We looked at each other for a minute before we both laughed, and Susanna said, “Well!”

I added quickly, “That was a long time ago, and it didn’t last long. I’m sure it wasn’t important for Lester either.”

In her serious way, which made me sorry I had sounded unserious, Susanna said, “Well, it was sort of important to me. He said he was going to leave Rosie—remember poor fat Rosie? and I believed him. I think she has some sort of heart condition, and once he said he hoped she’d die. He said it so intensely that I believed him. Didn’t you?” She gave me a steady dark-eyed look.

“I was more or less inoculated,” I told her, and I explained about Henry. She listened with sympathetic interest and concern. A few laughs.”After Henry I never believe what people say they are going to do until it’s done,” I told her.

“After Lester I’d never have anything to do with a married man,” Susanna said.”I wouldn’t do that to another woman, not even Rosie.”

“Me neither.”

(So much for Lester’s unwitting contribution to feminism.)

I went home that night full of angry anti-Lester thoughts. How could he have so lied and wasted the time of an extraordinary girl? I had seen some of Susanna’s paintings; she was indeed extraordinary. And he was such an ordinary man. At some point it occurred to me that what Susanna had experienced was possibly still remarkable, despite Lester—beauty being in the eye, after all, not necessarily in its object. But this, although interesting as a concept, and very likely true, was not much comfort. What concerned me were Susanna’s feelings, How, after all, would I have felt if someone had told me that Henry had been for her a minor love, an interim affair?

And so I approached the next conversation about Lester, which, of course, took place the next time I saw Susanna, in an apologetic way—apologetic both for Lester and myself.
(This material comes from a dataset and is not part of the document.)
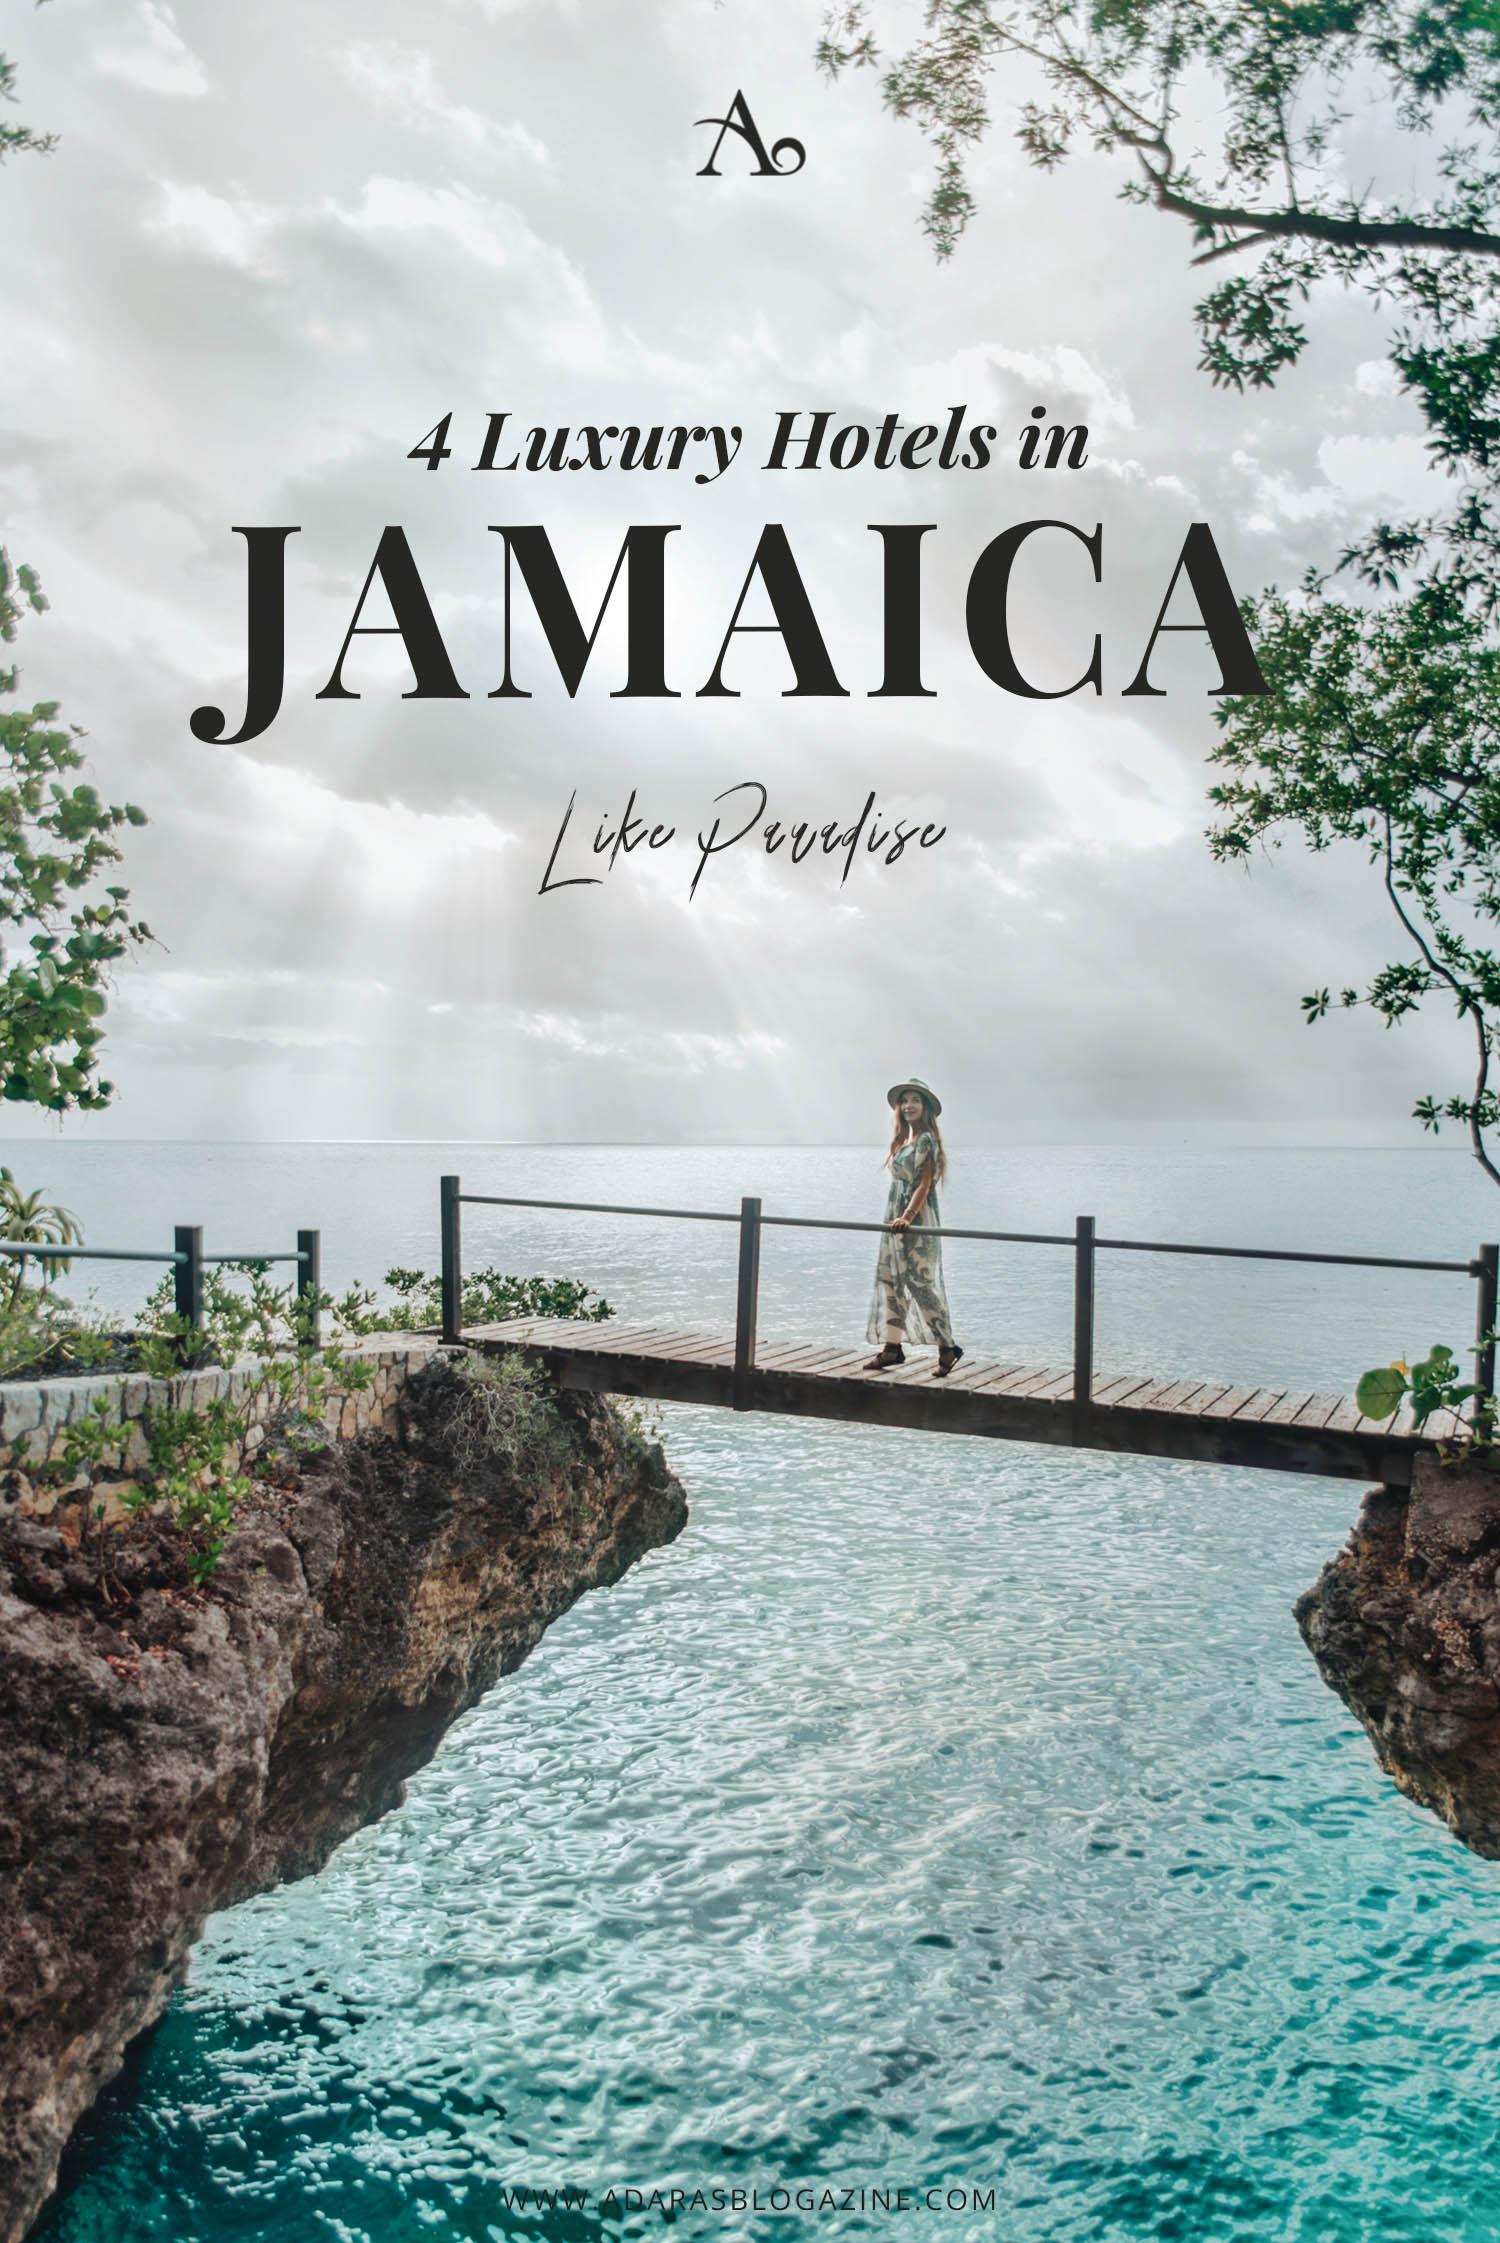 4 Luxury Hotels in Jamaica

“You know,” I said, from my ten years’ superior wisdom, “Lester probably meant it, in part of his mind, about leaving Rosie for you. He probably could see himself married to a thin talented woman, but he finally just wasn’t up to leaving her.”

She considered this. “You could be right,” she said. “But wouldn’t that be true of Henry too? He could imagine living dangerously with you, leading a resistance movement?”
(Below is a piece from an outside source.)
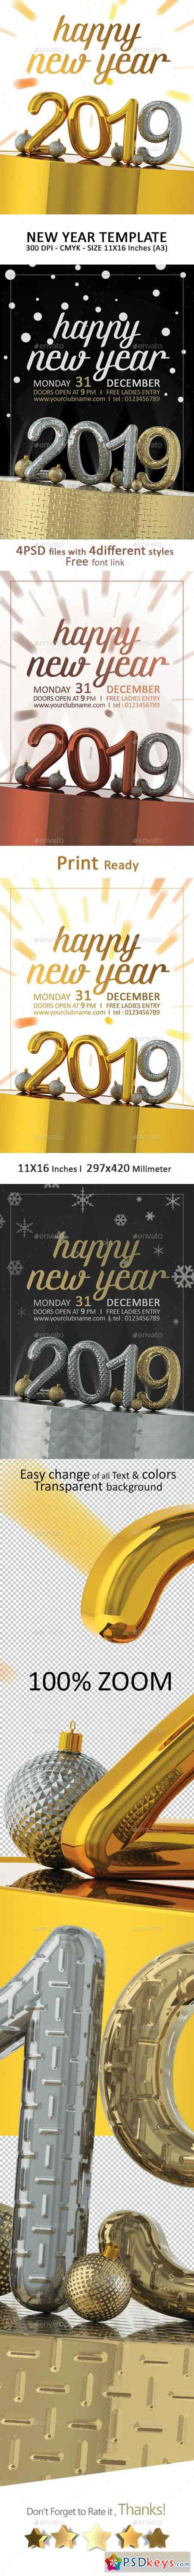 2019 Happy New Year 23057568

Is this what unconsciously I had meant? In any case my heart leapt forward gratefully, old wounds having been to some degree soothed.”Maybe,” I said, meaning Yes.

“Anyway,” Susanna said, “I really wasn’t all that serious about Lester. It was more a stupid feeling that it was time for me to get married—and there he was, saying that’s what he wanted too. In fact,” she went on, “he was sort of a preparation for David—David was the man I really cared about.”

And she told me something about David, who although unmarried (and not a fascist—in fact, a civil rights lawyer) had been in his effect as devastating as Henry had been for me,

“Well, Lester the way-station. Just a sex object,” I said at last, and we both laughed.

Then Susanna said, “Lucky for me I never met Henry, right?”

“But you wouldn’t have believed him, you would have spotted a fake right away.” Saying this I knew it to be absolutely true.

We both pondered this melange of wisdom, insight, and gossip, and then, surprisingly, Susanna laughed.”At least I got Lester to stop dying the hair on his chest,” she said.”Was he doing that when you knew him? Lord, what a mess! I told him I couldn’t afford the laundry bills.”